この本と出会ったのは14〜15年前、仕事でいうと茶系飲料の仕事をはじめた頃で、同時に日本の自動車メーカーも手がけていました。まさにグローバリゼーションが声高に訴えられていた時代です。日本の社会全体としては、ある種外圧的にグローバリゼーションが持ち込まれたことへの反動で、日本回帰の意識が芽生えた頃だったように思います。

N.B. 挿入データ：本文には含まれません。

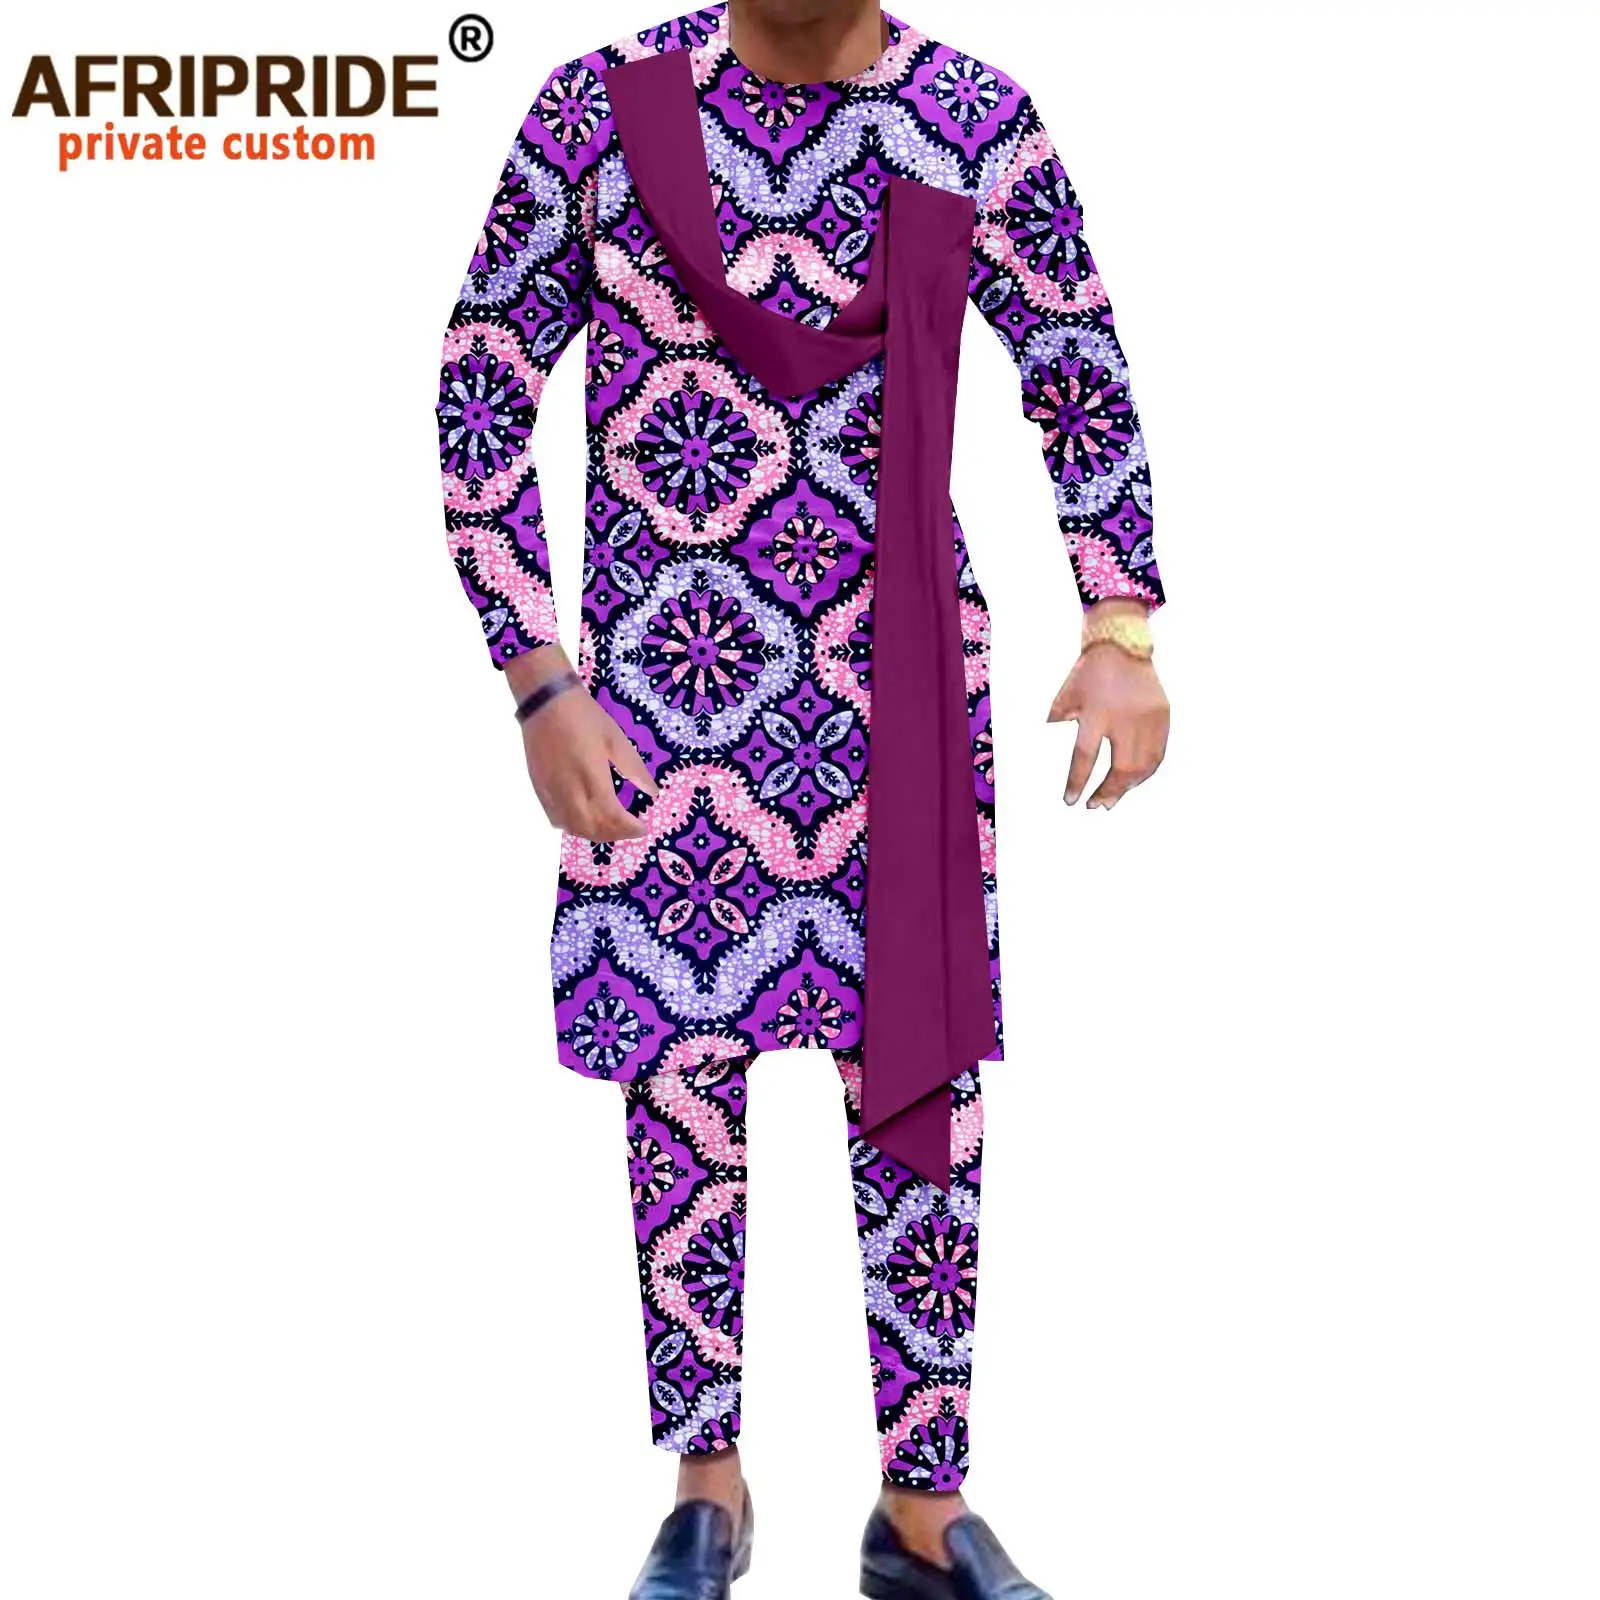 African Wear African men clothing Bespoke Men's Dashiki Dashiki Shirt African Wedding Suit African fashion

僕もそれまで、取り立てて日本文化に興味があったわけではないのですが、自動車の仕事のようにグローバリゼーションをダイレクトに受け取る仕事と、お茶の仕事のように日本的な文化をどうモダナイズするかという仕事のふたつの方向性の中で、急速に日本文化に関心が高まった時期でした。
岡倉天心の『茶の本』や世阿弥の『風姿花伝』など、日本の文化性が描かれている一連の作品も読んでみましたが、中でも印象深く、確かに日本文化の本質はこういうところにあるなと思ったのがこの作品。何か直接的なヒントを得ようと思って本を読むことはありませんが、ものを考えるときの自分のよりどころというか、立っている地面を作るというようなことに役立っています。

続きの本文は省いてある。